── Dataset entries ──
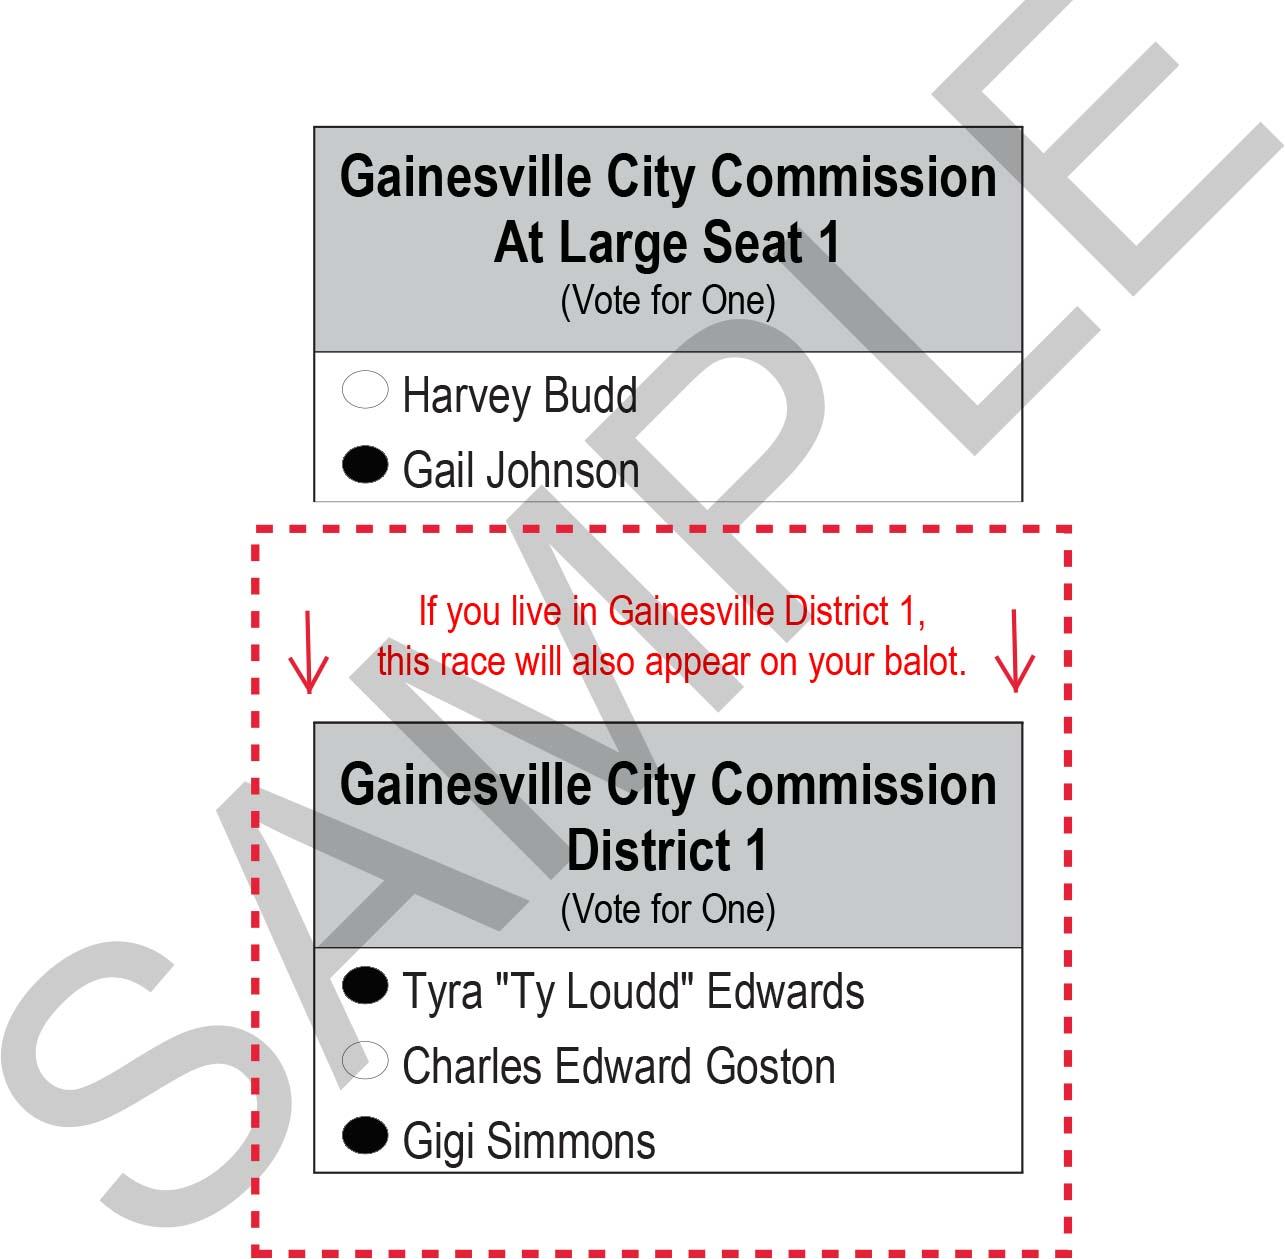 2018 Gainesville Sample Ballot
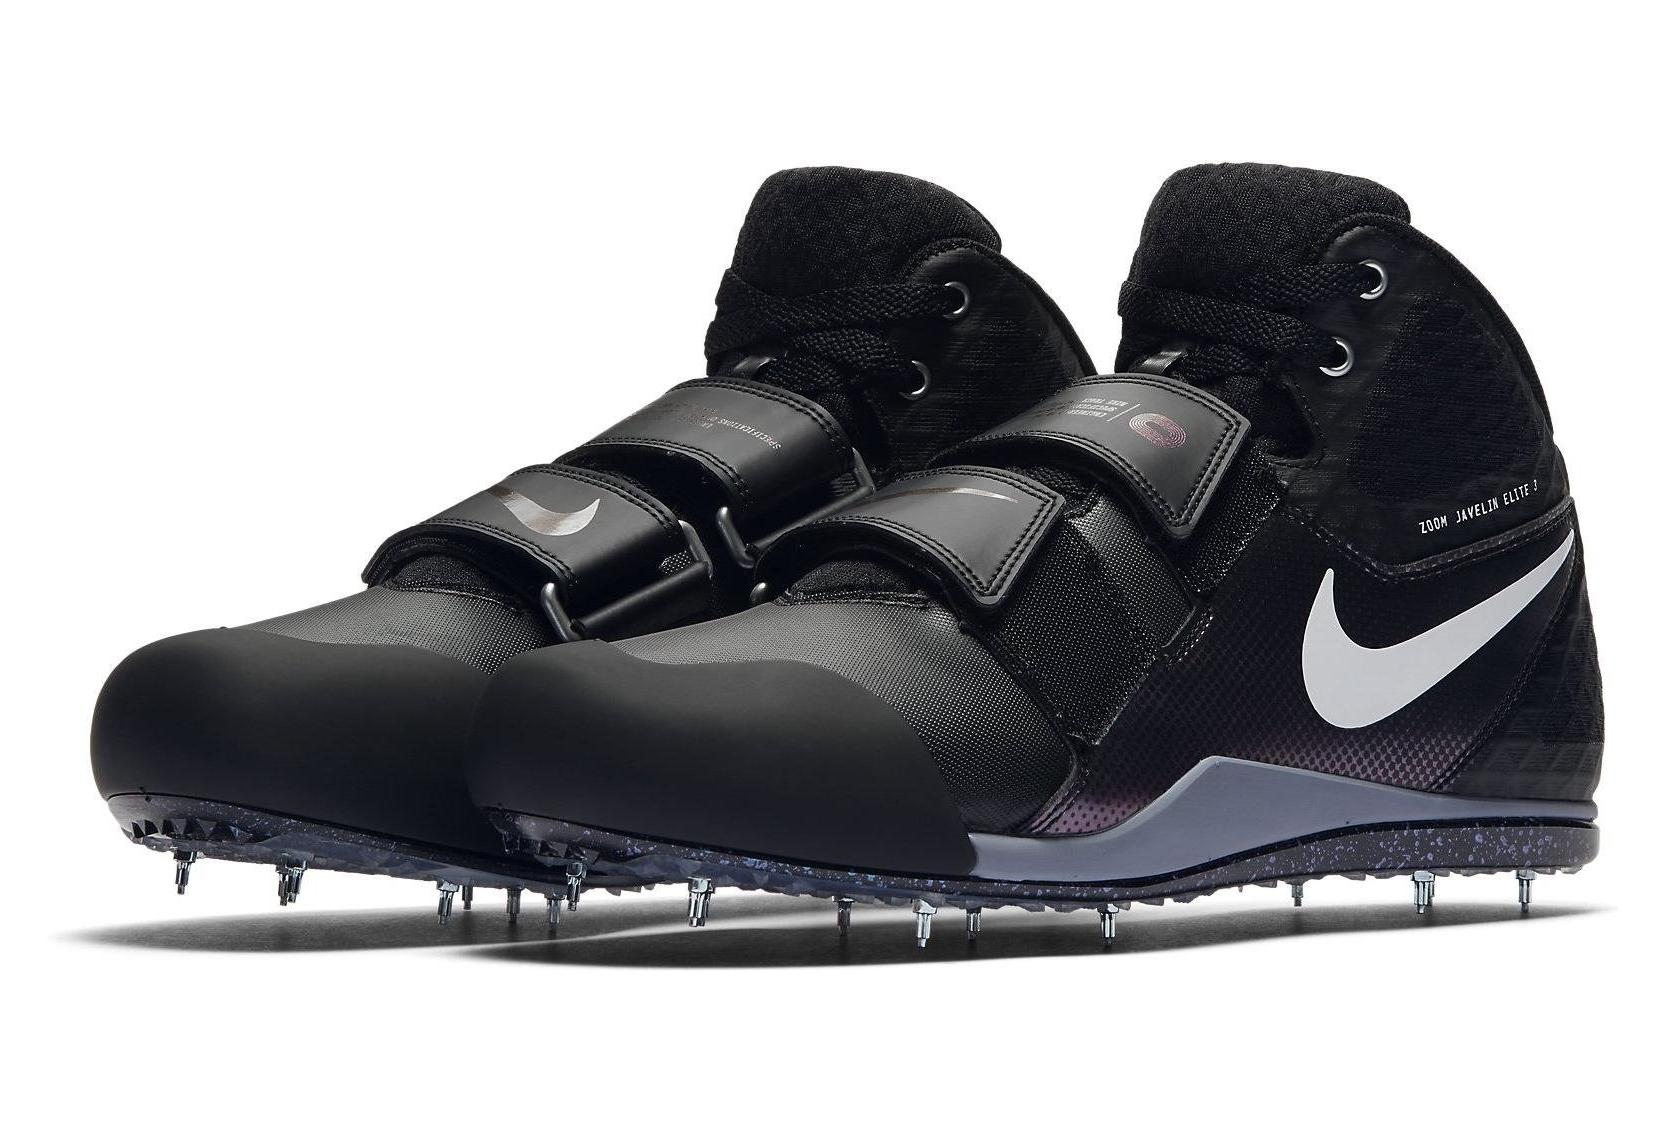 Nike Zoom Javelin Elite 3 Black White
───
── Dataset entries ──
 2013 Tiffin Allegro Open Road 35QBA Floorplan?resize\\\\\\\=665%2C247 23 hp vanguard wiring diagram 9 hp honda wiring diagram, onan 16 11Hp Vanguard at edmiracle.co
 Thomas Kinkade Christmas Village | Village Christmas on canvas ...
───
**Action item:**
The expected output is exactly the lines of the listing above between the line holding "2013 Tiffin Allegro" and the line holding "Thomas Kinkade Christmas", inclusive.

**Reply to the exercise:**
 2013 Tiffin Allegro Open Road 35QBA Floorplan?resize\\\\\\\=665%2C247 23 hp vanguard wiring diagram 9 hp honda wiring diagram, onan 16 11Hp Vanguard at edmiracle.co
 Thomas Kinkade Christmas Village | Village Christmas on canvas ...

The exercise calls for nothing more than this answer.